The correct answer and explanation is :
The correct answer is d. using buildings and machinery in operations.
Explanation:
External events refer to factors or occurrences that happen outside the direct control of an entity but can impact its operations, performance, or financial condition. These events are typically driven by forces or activities that occur in the broader environment or market. Let’s break down the options:
- a. Interaction between an entity and its environment:
- This is considered an external event. An entity’s interactions with its environment, such as customers, suppliers, competitors, and regulators, are external to the entity’s internal operations and can significantly influence its success or failure. For example, changes in consumer preferences or new government regulations are external events.
- b.
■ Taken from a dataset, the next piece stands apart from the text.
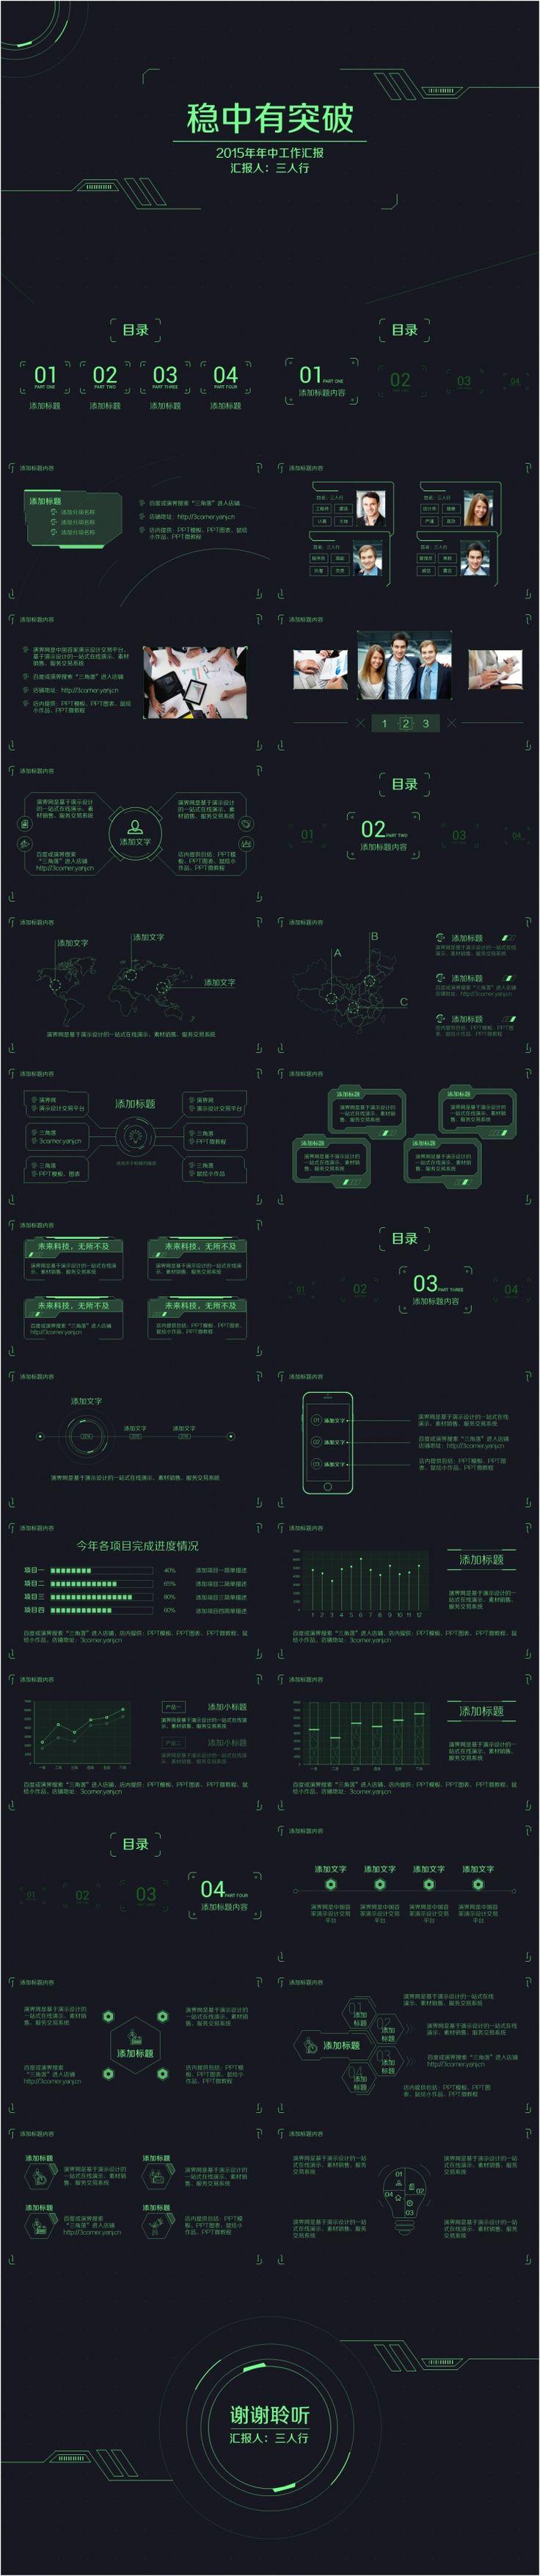 "powerpoint template 【时光之""绿""】未来科技UI风格汇报模板"

A change in the price of a good or service that an entity buys or sells, a flood or earthquake:
- This is another example of external events. Price changes and natural disasters like floods or earthquakes are events beyond the entity’s control. Such occurrences can directly affect the entity’s operations, costs, and profitability.
- c. Improvement in technology by a competitor:
- Technological improvements by competitors are also external events. These innovations may lead to competitive pressures or market shifts, influencing the entity’s own operations and strategies. While the entity may respond by adopting new technologies, the actual advancement is an external event.
- d. Using buildings and machinery in operations:
- This option does not represent an external event. The use of buildings and machinery is an internal operational activity, part of the entity’s daily business process. These resources are controlled by the entity, and their utilization is within the internal environment of the company.
In summary, external events typically come from outside the entity’s direct control or influence. These include market changes, environmental factors, and technological advancements by external parties. On the other hand, activities like using buildings and machinery in operations are internal processes and are not considered external events.